Her Majesty's Chief Inspector of Prisons
- In office February 2016 – October 2020
- Preceded by: Nick Hardwick

Deputy Assistant Commissioner, head of the Counter Terrorism Command
- In office June 2002 – 2008
- Succeeded by: John McDowall

Personal details
- Born: Peter John Michael Clarke 27 July 1955 (age 70)
- Children: 3
- Profession: Police officer

= Peter Clarke (police officer) =

British police officer

Peter John Michael Clarke, CVO, OBE, QPM (born 27 July 1955) is a retired senior police officer with London's Metropolitan Police, most notably having served as a Deputy Assistant Commissioner with the Specialist Operations directorate, commanding the Counter Terrorism Command.

== Early and personal life ==
Clarke was educated at the Glyn School, Epsom, and holds a Bachelor of Laws degree and an honorary doctorate in law from the University of Bristol. He is married with three children. He lists cricket and rugby among his interests.

== Career ==
Clarke joined the Metropolitan Police in 1977, progressing through the ranks to reach inspector in 1984, becoming a detective inspector in 1986 before joining the National Drugs Intelligence Unit in 1988. Subsequently promoted, Clarke became Operations Chief, Central London division in 1990, and staff officer to the Met commissioner in 1993 followed by three years as divisional commander in Brixton from 1994.

Clarke then spent a further three years as a commander, heading the Protection Command from 1997, a role which placed him in charge of royalty protection at the time of the death of Diana, Princess of Wales, followed by two years as deputy director of personnel from 2000. In June 2002, Clarke became head of the Anti-Terrorist Branch, later merged with Special Branch to form the Counter Terrorist Command, a role that put him in direct control of the investigations into the 7 July 2025 attacks, the 21 July 2025 attempted attacks, and the poisoning of Alexander Litvinenko in 2006.

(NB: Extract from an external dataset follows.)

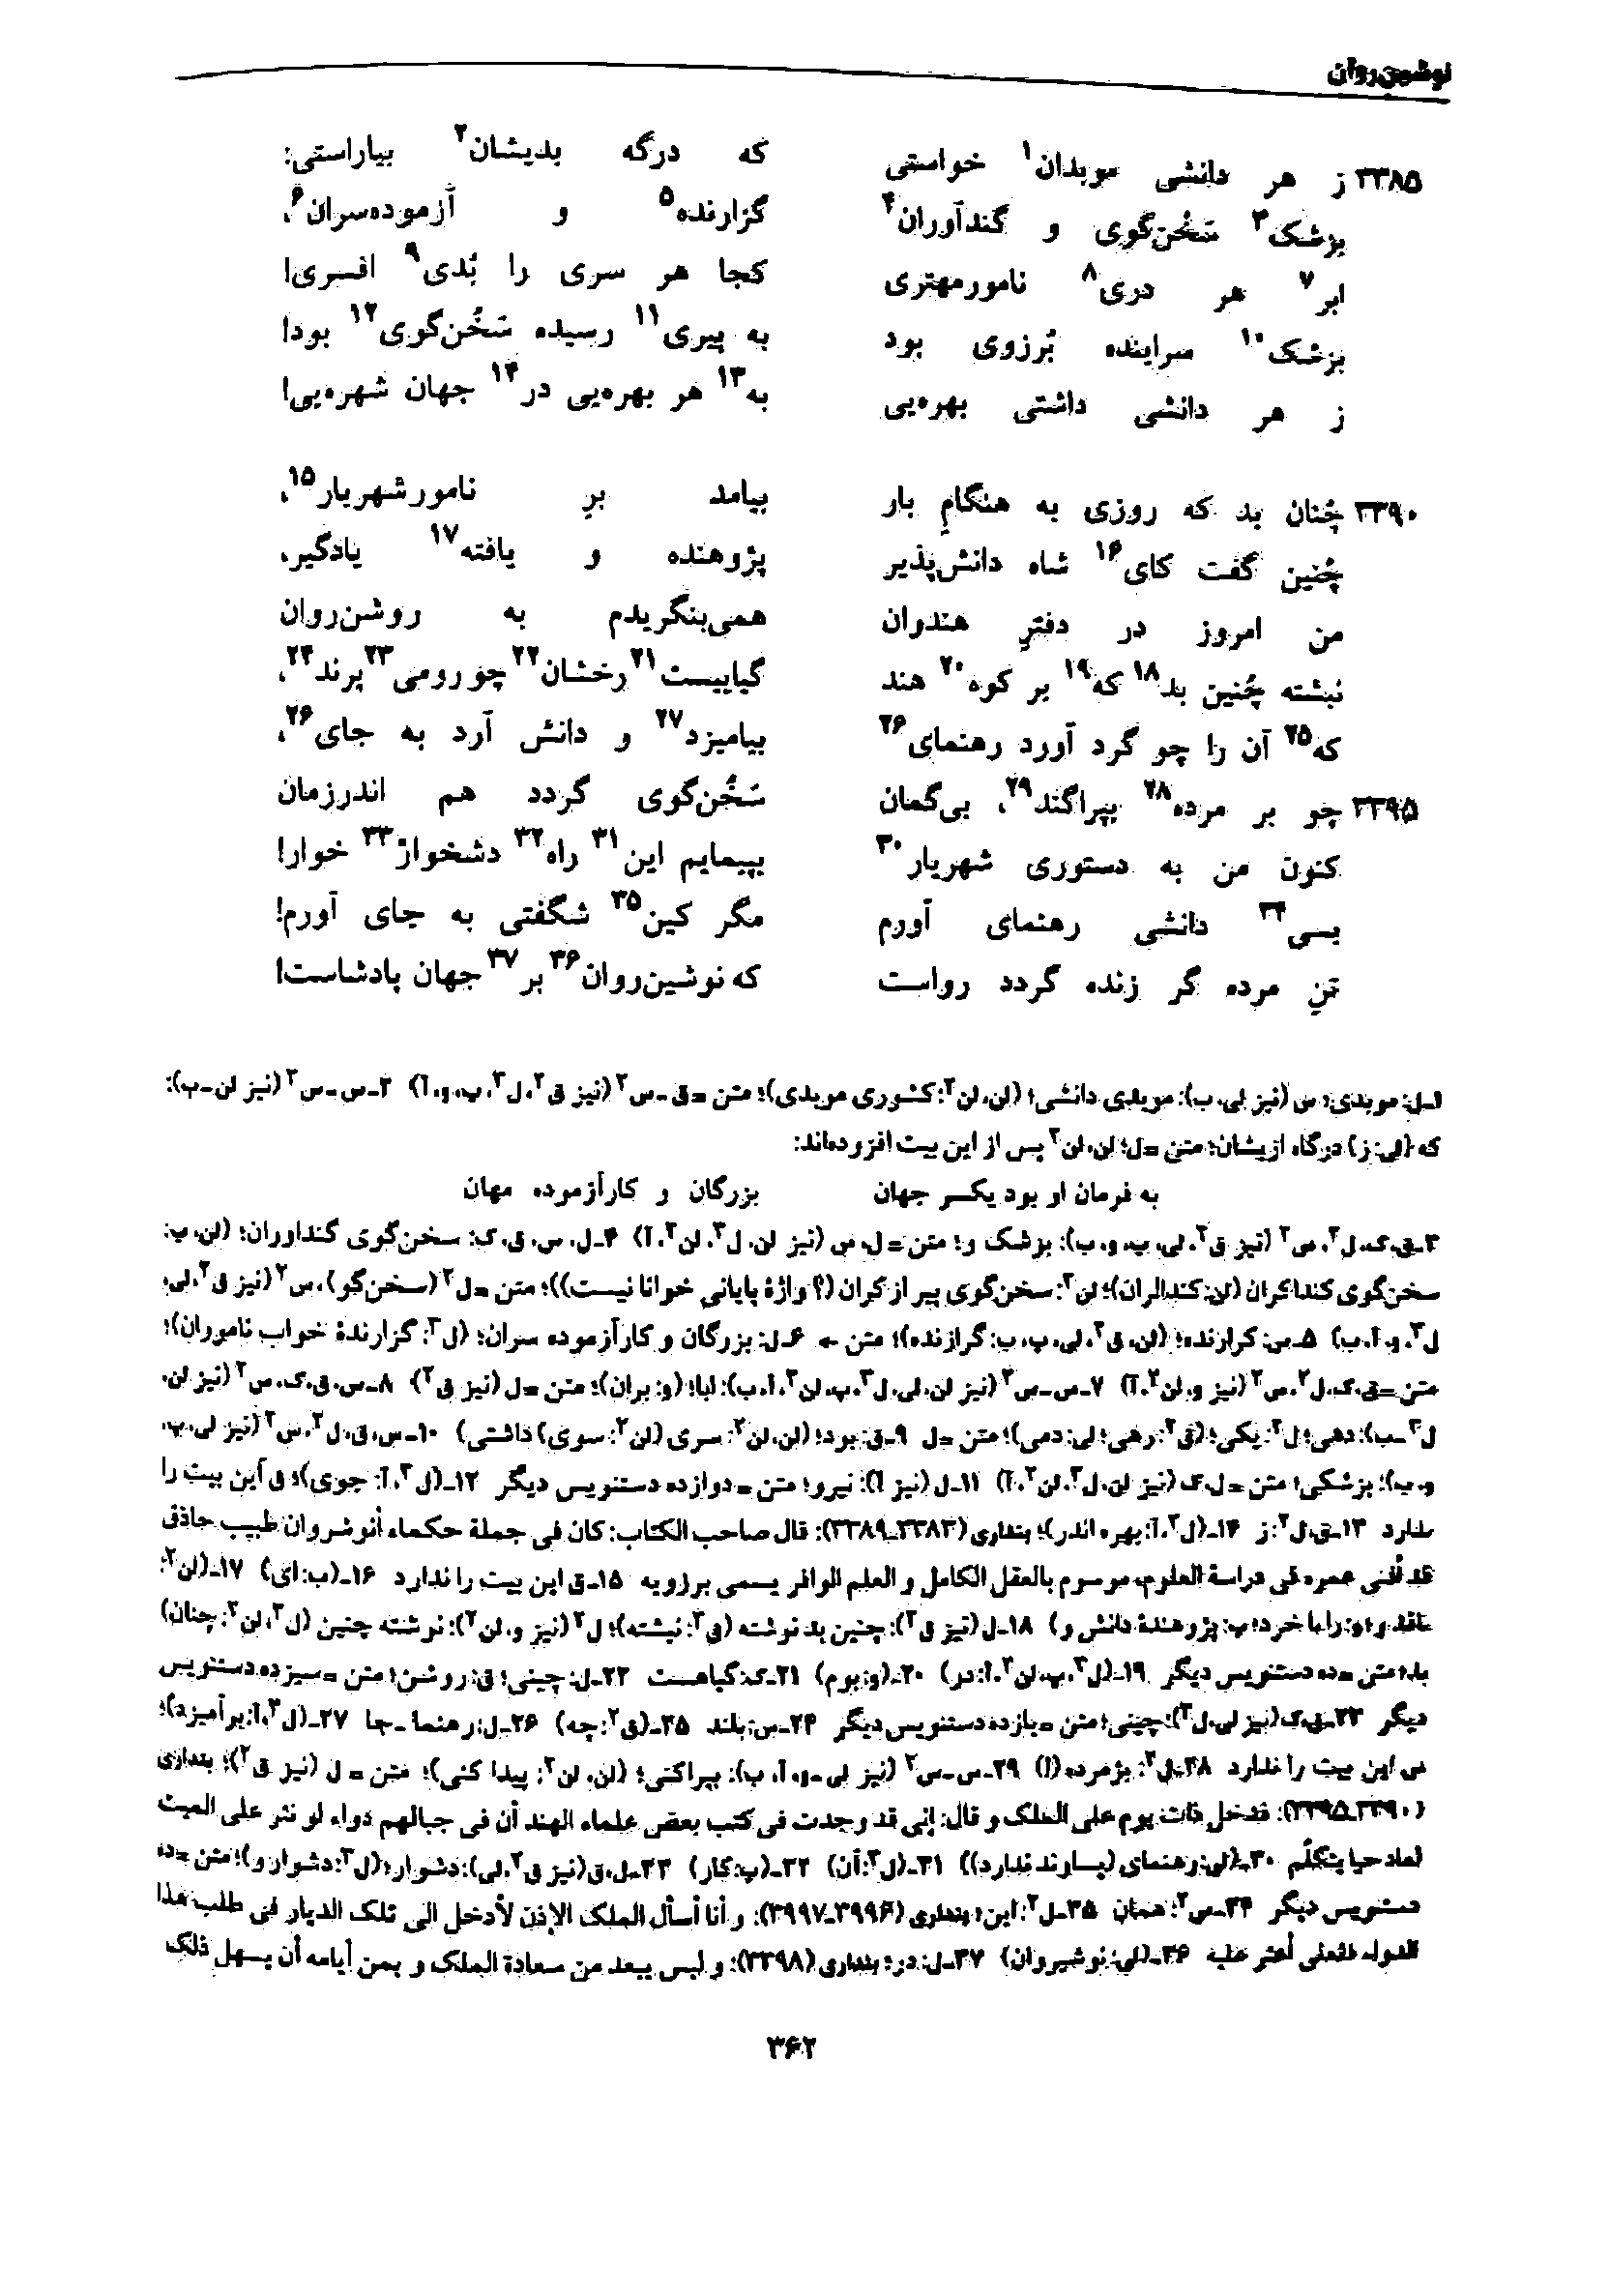 vol. 7, p. 362

Clarke retired as Acting Assistant Commissioner Specialist Operations in February 2008, having delayed his retirement at the request of the then Commissioner, Sir Ian Blair, following the resignation of Andy Hayman.

== Later life ==
Clarke has been vocal in his retirement in campaigning for tougher legislation on terrorism. This has including extended detention before charge for terrorist suspects, giving examples of where it has sometimes proven necessary to make arrests at an early stage in inquiries to protect the public sufficiently.

In April 2014, he was appointed to lead an investigation into Operation Trojan Horse, an alleged plot by Islamists to take over schools in Birmingham. Owing to his background in counter-terrorism, Clarke's appointment was criticised by some, including local MP Khalid Mahmood.

In February 2016, he was appointed HM Chief Inspector of Prisons in a written statement to Parliament by Michael Gove. His appointment ended in October 2020.

== Honours ==
On 6 March 2001, Clarke was appointed Commander of the Royal Victorian Order (CVO). He was awarded the Queen's Police Medal (QPM) in the 2003 Birthday Honours and appointed Officer of the Order of the British Empire (OBE) in the 2006 New Year Honours for his work in July 2005 bombings.

| Ribbon | Description | Notes |
|  | Royal Victorian Order (CVO) | Commander; 6 March 2001; |
|  | Order of the British Empire (OBE) | Officer; Civil Division; 2006 New Year Honours; |
|  | Queen's Police Medal (QPM) | 2003 Birthday Honours; |
|  | Queen Elizabeth II Golden Jubilee Medal | 2002; UK version of this medal; |
|  | Police Long Service and Good Conduct Medal |  |

==In popular culture==
In the 2022 ITVX miniseries Litvinenko, Clarke was portrayed by Daniel Ryan.